The muscle tissue of the heart is represented by single cells - cardiomyocytes, which have transverse striations. The heart has a special property - automaticity: isolated from the body, the heart continues to contract without external influences. This is due to the presence of special cells in the thickness of muscle tissue - pacemaker cells (pacemaker cells, atypical cardiomyocytes), which themselves periodically generate nerve impulses.

The heart has a conduction system due to which the excitation that arises in one part of the heart gradually covers other parts. The conduction system includes the sinus node, atrioventricular node, His bundle and Purkinje fibers.
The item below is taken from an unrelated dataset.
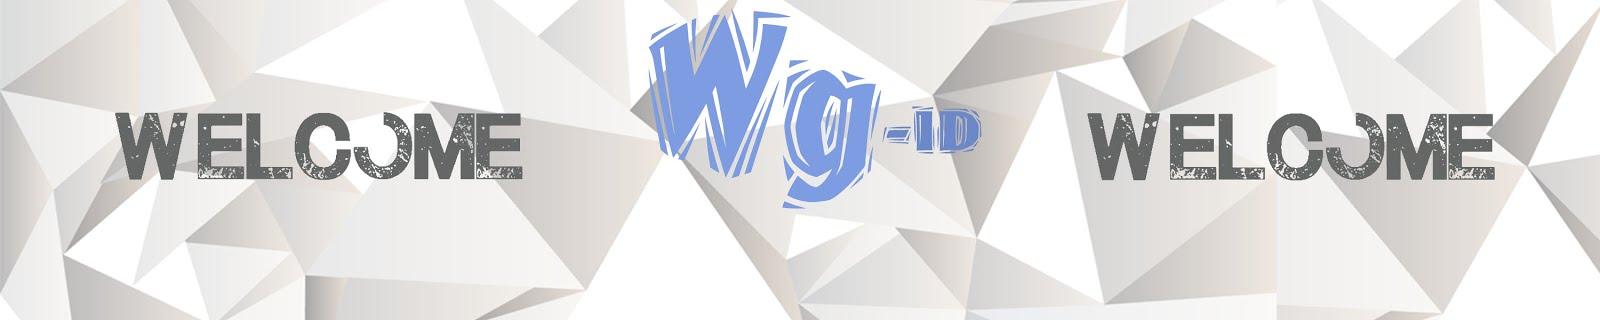 wg_id
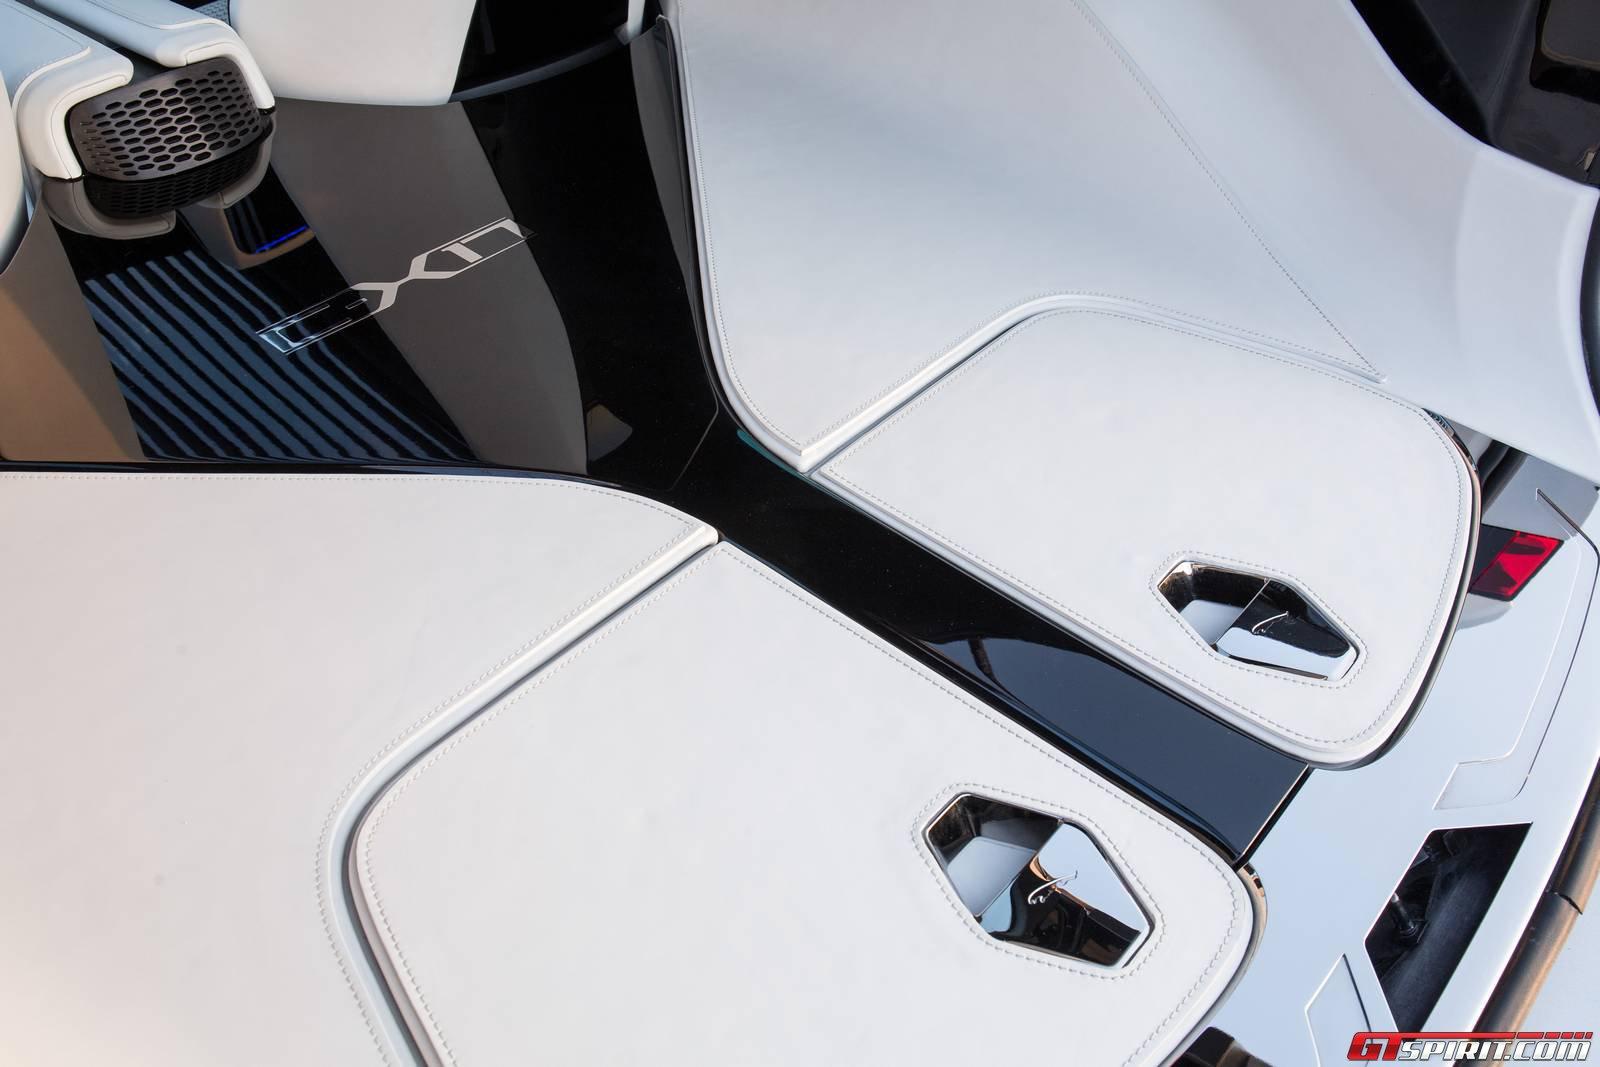 jaguar c-x17 dubai 007

It is thanks to the presence of these conducting structures that the heart is capable of automation.

Cardiac cycle

The work of the heart consists of three phases successively replacing each other:

  • Atrial systole (from the Greek systole - compression, contraction)
  • Lasts 0.1 sec. During this phase, the atria contract, their volume decreases, and blood flows from them into the ventricles. During this phase, the leaflet valves are open, the semilunar valves are closed.

  • Ventricular systole
  • Lasts 0.3 seconds. The leaflet (atrioventricular) valves close to prevent blood from flowing back into the atria. The muscle tissue of the ventricles begins to contract, their volume decreases: the semilunar valves open. Blood is expelled from the ventricles into the aorta (from the left ventricle) and the pulmonary trunk (from the right ventricle).
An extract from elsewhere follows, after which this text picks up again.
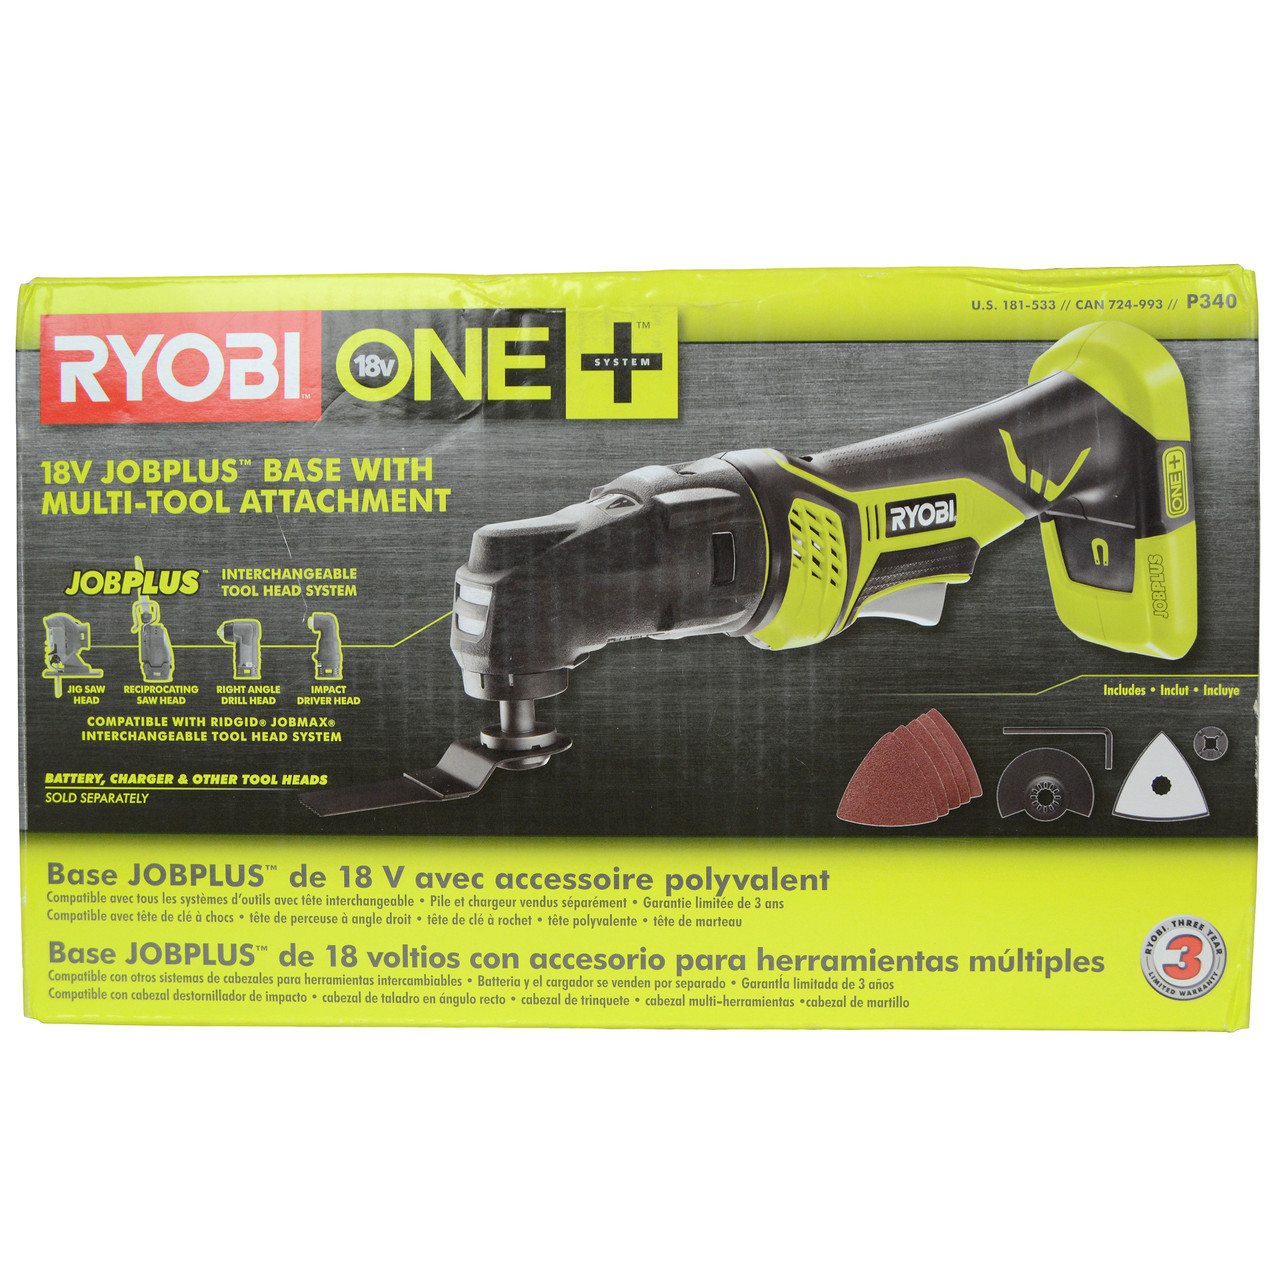 Ryobi P340 ONE+ 18V Lithium-Ion Job Plus Multi Tool, Tool Only

  • Total diastole (from the Greek diastole - expansion)
  • Lasts 0.4 seconds. In diastole, the cavities of the heart expand - the muscles relax, the semilunar valves close. Flap valves are open. During this phase, the atria fill with blood, which passively flows into the ventricles. Then the cycle repeats.

We have already discussed the cardiac cycle, but I want to focus your attention on some details. In total, one cycle lasts 0.8 seconds. The atria rest for 0.7 seconds during ventricular systole and total diastole, and the ventricles rest for 0.5 seconds during atrial systole and total diastole. Thanks to this energetically beneficial cycle, the heart muscle gets less tired during work.
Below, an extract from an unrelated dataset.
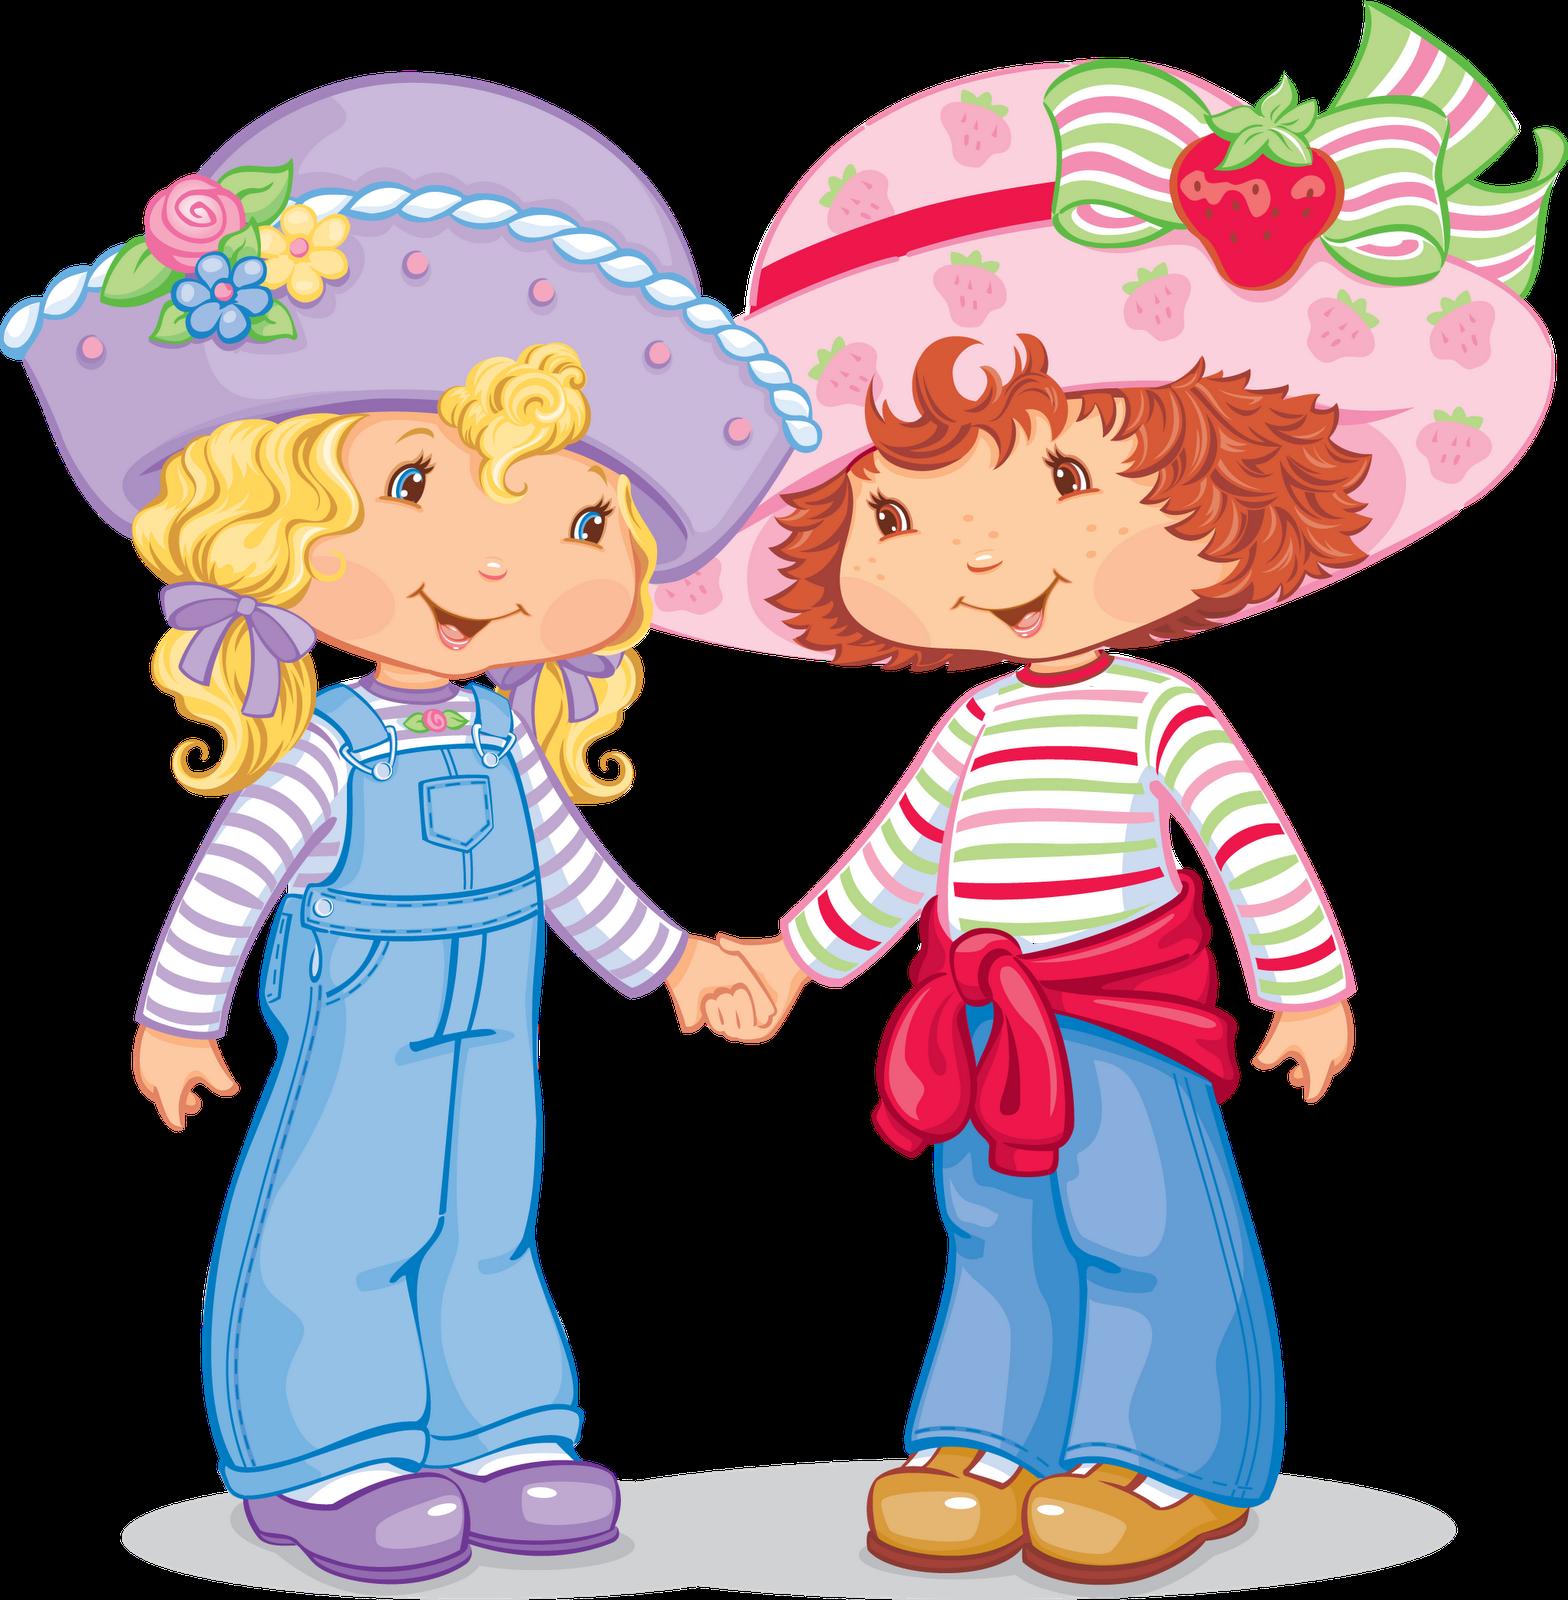 Pie clipart lemon meringue pie. Strawberry shortcake cartoon characters

Heart rate (HR) can be measured using the pulse - the jerky vibrations of the walls of blood vessels associated with the cardiac cycle. The normal average heart rate is 60-80 beats per minute. An athlete's heart rate is lower than that of an untrained person. With heavy physical exertion, heart rate can increase to 150 beats/min.

Changes in the heart rate are possible in the form of its excessive slowdown or increase, respectively, they are distinguished: bradycardia (from the Greek βραδυ - slow and καρδιά - heart) and tachycardia (from the ancient Greek ταχύς - fast and καρδία - heart). Bradycardia is characterized by a decrease in heart rate to 30-60 beats/min, tachycardia - above 90 beats/min.

The regulatory center of activity of the cardiovascular system lies in the medulla oblongata and spinal cord. The parasympathetic nervous system slows down and the sympathetic nervous system speeds up heart rate. Humoral factors also have an influence (from the Latin humor - moisture), mainly hormones: adrenal glands - adrenaline (strengthens the heart), thyroid gland - thyroxine (accelerates heart rate).

Vessels

Blood moves to tissues and organs inside the vessels. They are divided into arteries, veins and capillaries. We will discuss their structure and functions in general terms. I would like to note: if you think that venous blood flows through the veins and arterial blood flows through the arteries, you are mistaken. In the following article you will find specific examples that refute this misconception.

Arteries carry blood from the heart to internal organs and tissues. They have thick walls containing elastic and smooth muscle fibers. The blood pressure in them is the highest compared to the veins and capillaries, which is why they have the aforementioned thick wall.

The inside of the artery is lined with endothelium - epithelial cells that form a single layer of thin cells. Due to the presence of smooth muscle cells in the thickness of the wall, arteries can narrow and widen. The speed of blood flow in the arteries is approximately 20-40 cm per second.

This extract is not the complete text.